説明

土中温度計測装置および土中温度計測方法

【課題】 植物の地下茎が存在する土中の加温を合理的に行える地下茎加温装置を提供する。
【解決手段】 帯状の半導体ヒータ(10)と、 その半導体ヒータ(10)の長手方向の両端を固定して筒状体を形成する樋状部材(20)と、 その樋状部材(20)および前記の半導体ヒータ(10)が形成する筒状体の内部空間(19)に対して空気を送り込むブロワ(31)と、を備える。 前記の樋状部材(20)には、前記の内部空間(19)およびその内部空間(19)の外側を連通させるための連通孔(21)を、樋状部材(20)の長手方向に複数備える。

【発明の詳細な説明】
【技術分野】
【0001】
本発明は、植物の成長促進や品質の安定および向上のため、土中の温度測定をする技術に関する。
【背景技術】
【0002】
農作物や花卉類の出荷時期を多様化したり、成長速度を速めたり、品質の一定化や向上は、常に求められている。 その要求に対しては、加温による促成栽培が一般的である。
農作物、花卉類を問わず、植物の周囲温度を上昇させるため、外気を遮断するビニルハウスと、そのビニルハウス内の気温を加温する手段との組み合わせがもっとも普及している。 その加温の方法としては、重油ボイラが主流となっている。 花卉類の栽培においては、ヒートポンプの導入も一部で始まっている。
【0003】
近年では、ビニルハウス内の気温上昇の他、地下茎を暖めることで促成栽培に寄与させるため、土中の温度を上昇させる方法も普及している。 土中にパイプを埋設し、そのパイプ内に加温した流体を循環させる方法である。
この技術は、農圃の土壌温度を上昇させる加熱装置であって、前記加熱装置が、土壌中に埋設され、かつ、電熱ヒータを取り囲んで砂鉄である蓄熱体を充填した温熱管から構成され、前記温熱管の直径が30〜150mmの範囲であること、また、前記温熱管内の所定位置の蓄熱体温度を設定温度範囲内に制御する電熱ヒータの加熱制御装置を提供する、というものである。
【0004】
【特許文献1】特開2009−72202号公報
【発明の概要】
【発明が解決しようとする課題】
【0005】
地下にパイプを埋設し、そのパイプに温風を送り込む、といった技術には、以下のような問題点があった。
すなわち、温風の発生源から近い位置は、遠い位置よりも高温となり、パイプが長い場合には、温風の送り込み口と出口では大きな差ができてしまうという点である。
この点は、温風の送り込み口を多数設ける、送り込み口を頻繁にローテーションする、といった解決策もある。
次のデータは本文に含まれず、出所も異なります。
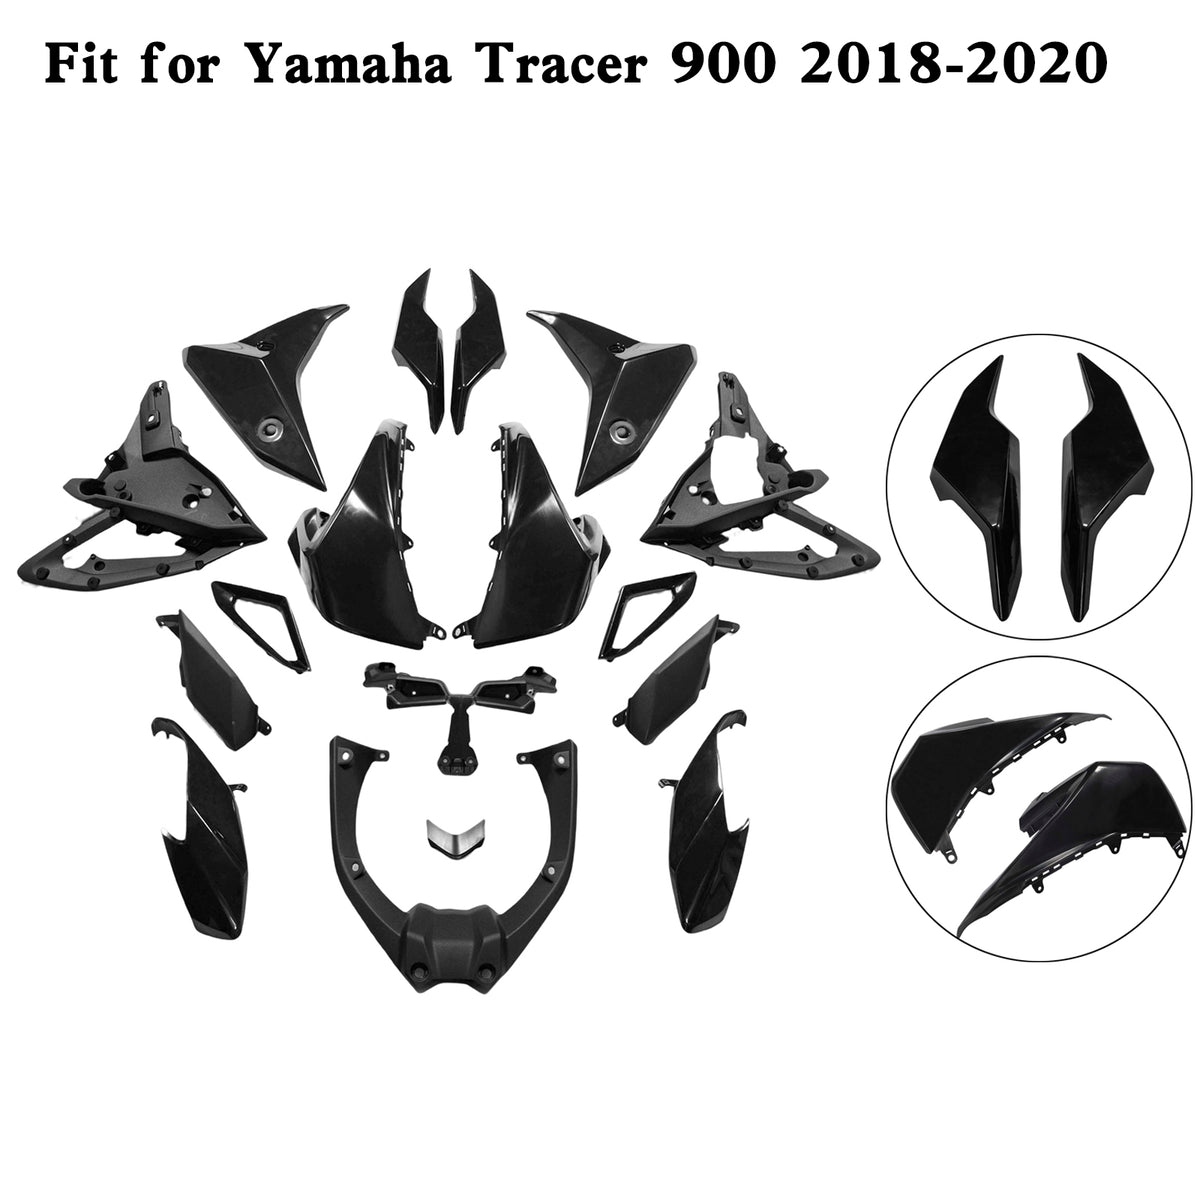 Bodywork Fairing Injection Molding Unpainted for Yamaha Tracer 900/GT 2018-2020
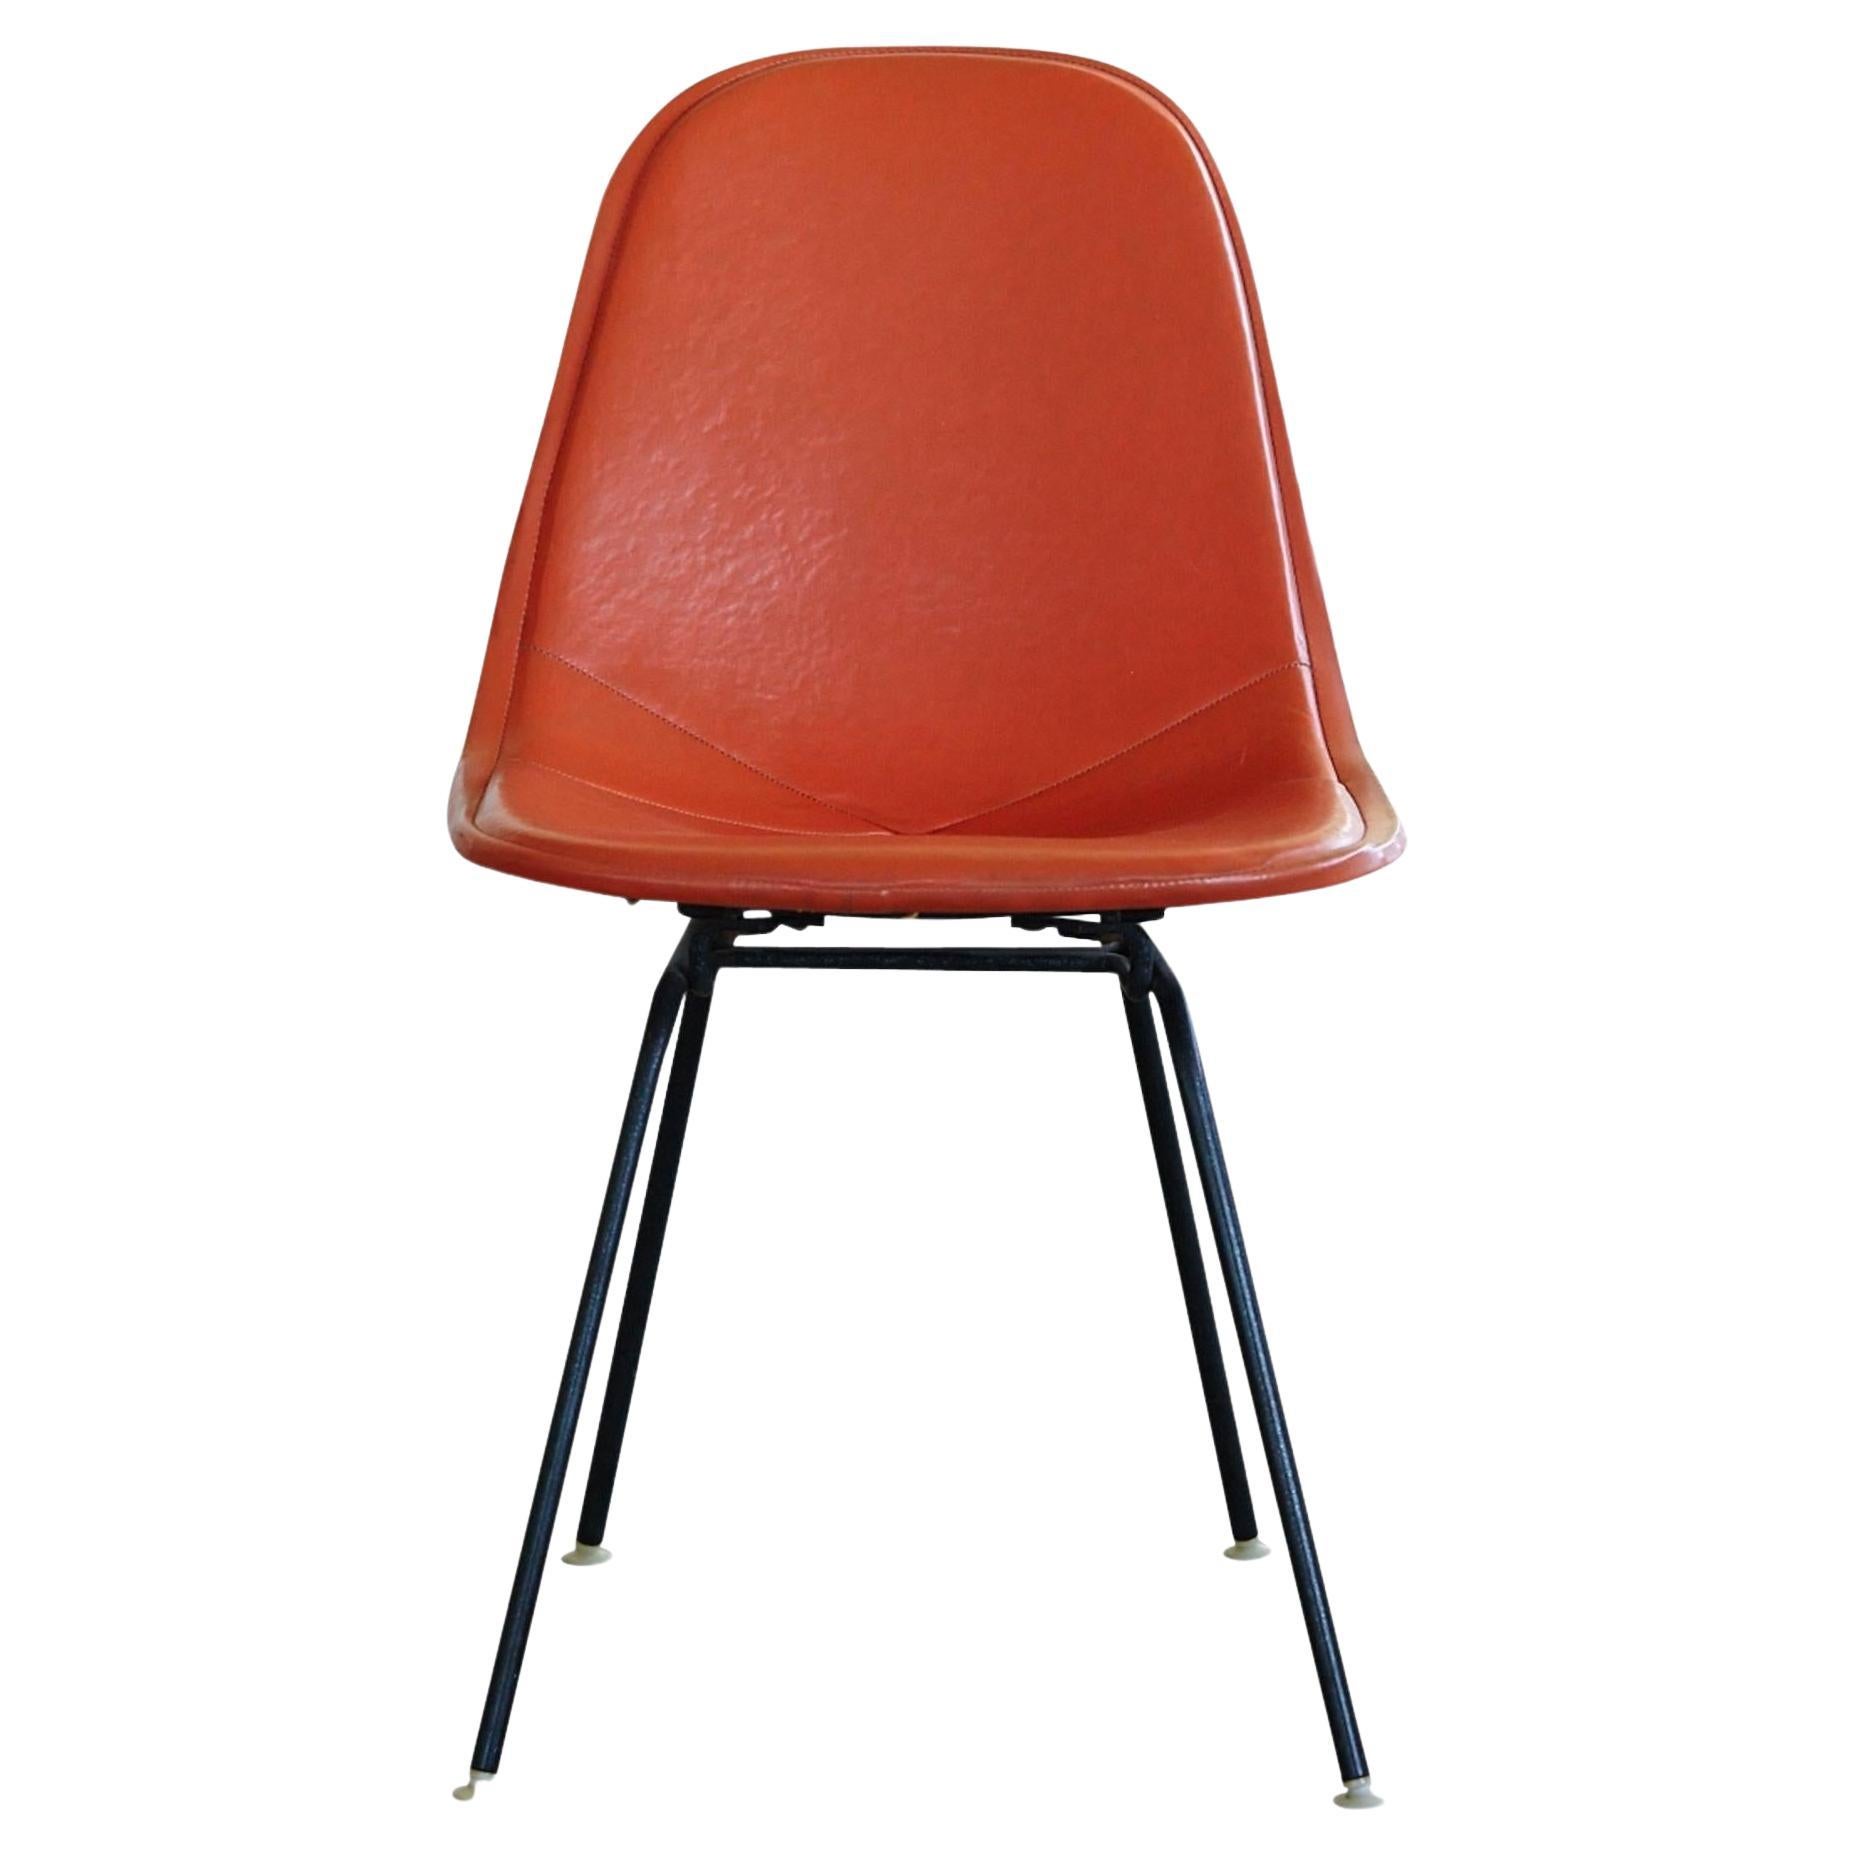 Original Eames DKX-1 Side Chair in Orange Leather for Herman Miller, 1960s For Sale

しかし、前者では設備が複雑となり、その設備コストが増大する、という問題があり、後者では、ローテーションをするための作業の手間が掛かる、という問題がある。
【0006】
本発明が解決しようとする課題は、植物の地下茎が存在する土中の加温を合理的に行える技術を提供することにある。
【課題を解決するための手段】
【0007】
前述した課題を解決するため、本願発明は、半導体ヒータを用いた技術を提供する。
【0008】
(第一の発明)
第一の発明は、植物の地下茎を加温するための装置に係る。
すなわち、帯状の半導体ヒータ(10)と、 その半導体ヒータ(10)の長手方向の両端を固定して筒状体を形成する樋状部材(20)と、 その樋状部材(20)および前記の半導体ヒータ(10)が形成する筒状体の内部空間(19)に対して空気を送り込むブロワ(31)と、を備える。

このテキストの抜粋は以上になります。